If anyone would try, parameter to post are:
http://www.easyjet.com/it/Prenota/step1.asp?
step=1&
action=goto&
goto=step2.asp&
txtorigID=&
txtdestID=&
txtdorig=&
txtddest=&
numOfPax=1&
STATEDATA=
MIIBpAYJKwYBBAGCN1gDoIIBlTCCAZEGCisGAQQBgjdYAwGgggGBMIIBfQIDAgAA|AgJmAwICAMAECE+j/dEt3wAjBBCXEN1rLO6jks7hwkXwd8kMBIIBUD6Y0Xj8NNMY|0S44VAm2kbDR95yFdrxc0wM36bPfkStMTXLU0PuXN6zXXDDFqyuSIREMSlWvievf|k/XQyh9BYVeZRkYKWCJfx8iibLUQsO6ms+b5OppBRNjHp/y1PQyC090OI7YybPaW|YQzeZP5UvcU6+JpOVk4nM0jQx0k+C4UCLS1Y3tPYWSgU4bphalDBa3nUXoalNs8W|WNOuczmCua/ffJuXYDjz1DfEdeJLcM9AwYAVfVdcILApAWmHcQncFGjh/L0B91ET|+o/BNF+eZXf8mbWocGq0x4B76fYkjRFvnKS8fkNlyGoUTam849v+ZK9Ez7qG5Tcz|/GyQPi+ciL/qTzMpLiQaTIbjma4qVDeTPy6k0FGdk/01bqfx0MjJObWdujtQ9iIZ|lyAC+2VOL/E7X8ByOGxInlBkcz4X8xpzzSy08ty4duNYMdewSePX9Q==|
orig=ATH&
dest=LTN&
oDay=12&
oMonYear=022005&
rDay=00&
rMonYear=00&
numOfAdults=1&
numOfKids=0&
numOfInfants=0

Thanks
P.S. sorry for my english

    Did you fake a user-agent in your http request header?

      I try but its not resolve the problem. Are there steps to perform screen scraping ?
      Please I need help now...

        Gotta take one step at a time ("divide and conquer").

        First: Make a copy of your link. Then close down all browsers. Open up your favorite browser and paste the link in and what happens? Do you get the page you were looking for? If so, great! Your coding job will be a bit easier. Your page didn't come up? Uh oh. Is it requesting a login? Or does it say the session timed out?

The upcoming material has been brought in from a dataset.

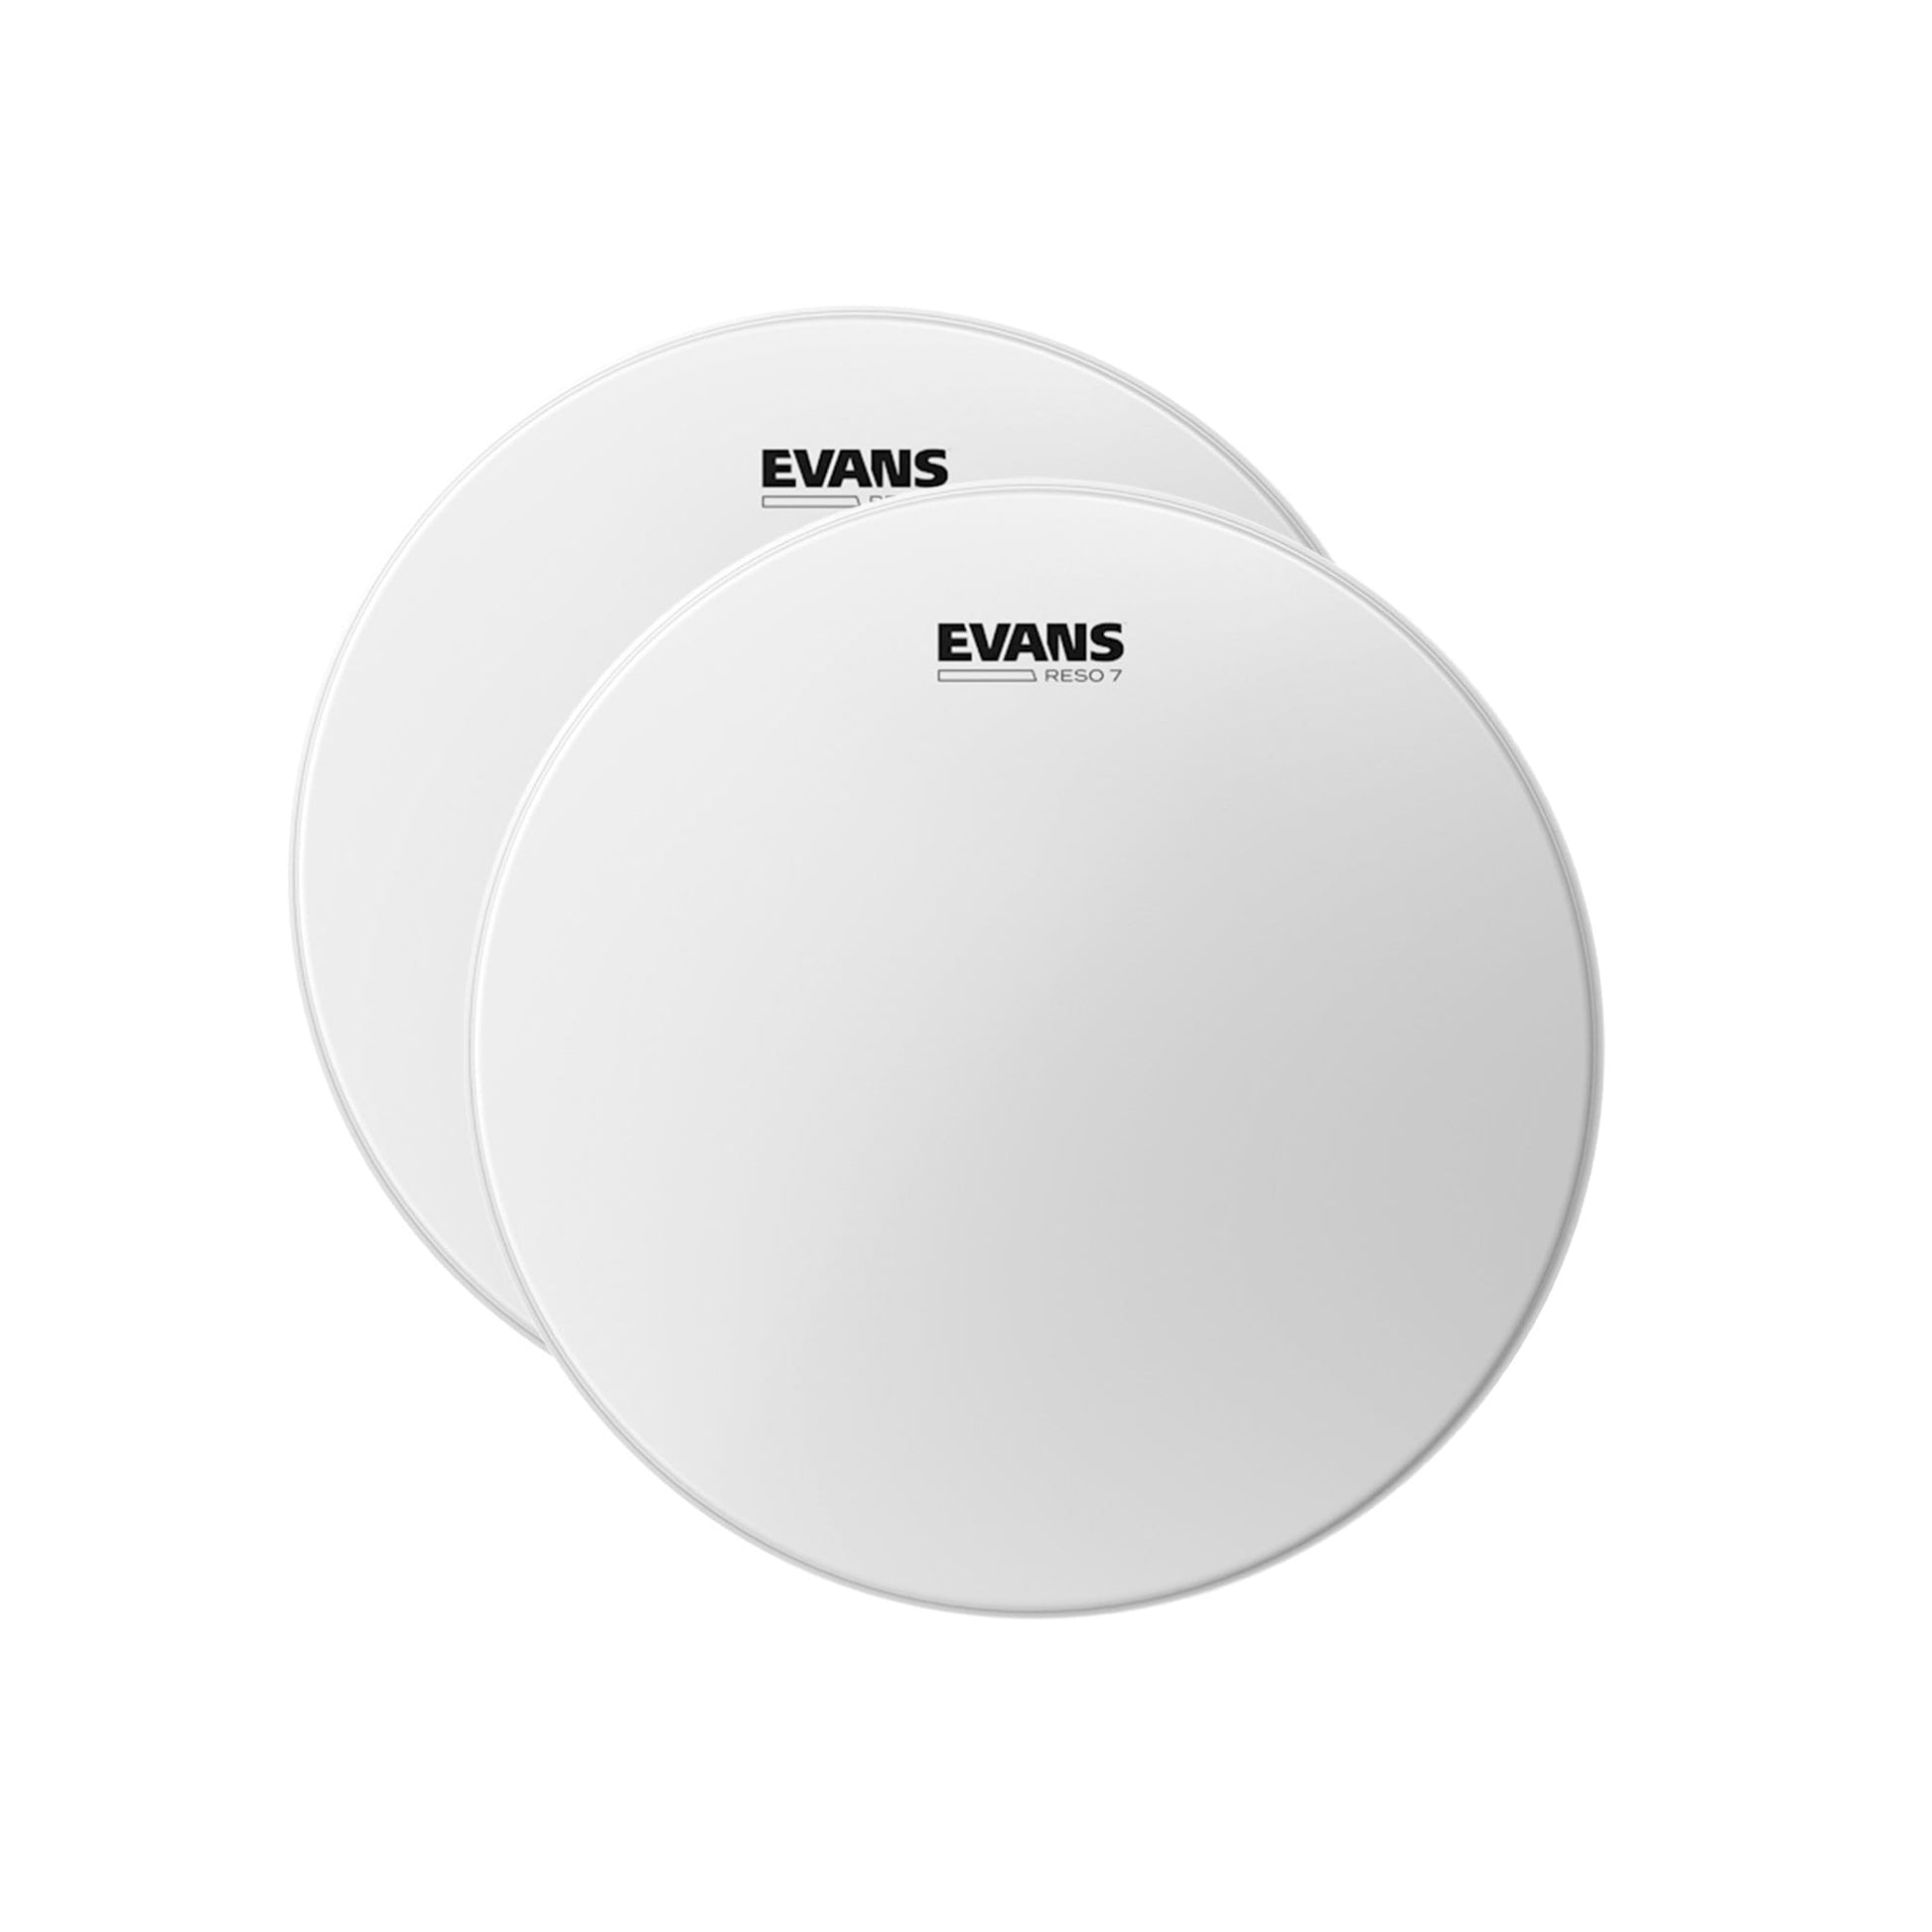 Evans 14" RESO 7 Coated Resonant Tom Drum Head (2 Pack Bundle) Drums and Percussion / Parts and Accessories / Heads

        If its a login, you need to fake the login BEFORE having your code go to that page.

        If the session timed out, then you need to have your code go to the search page and submit it as if it was a user. Difficult, but definitely not impossible. You just have to sit down and look very closely at the form they are using and find all the hidden fields and figure out what data you have to put in.

        You didn't post any code, but if you're not using it, I'd HIGHLY recommend checking out [man]curl[/man] for this kind of job. It'll take the burden of having to figure out how to handle cookies (aka: sessions) and handling sending post data. Check out the curl pages for documentation. There's a solid handful of great examples on php.net.

          I try with other flyght company: RYANAIR, VIRGIN, HAPAG LLOYD, etc and my script work very well.
          But easyJet (www.easyjet.com) return this header:
          secondiHTTP/1.1 100 Continue Server: Microsoft-IIS/5.0 Date: Mon, 31 Jan 2005 20:53:41 GMT HTTP/1.1 200 OK Server: Microsoft-IIS/5.0 Date: Mon, 31 Jan 2005 20:53:41 GMT Connection: close Content-Length: 0 Content-Type: text/html; Charset=UTF-8 Cache-control: private
          ...and where is web page?

          P.S. I don't use curl, but I tried and don't work.

          Please help me! my job is very heavy!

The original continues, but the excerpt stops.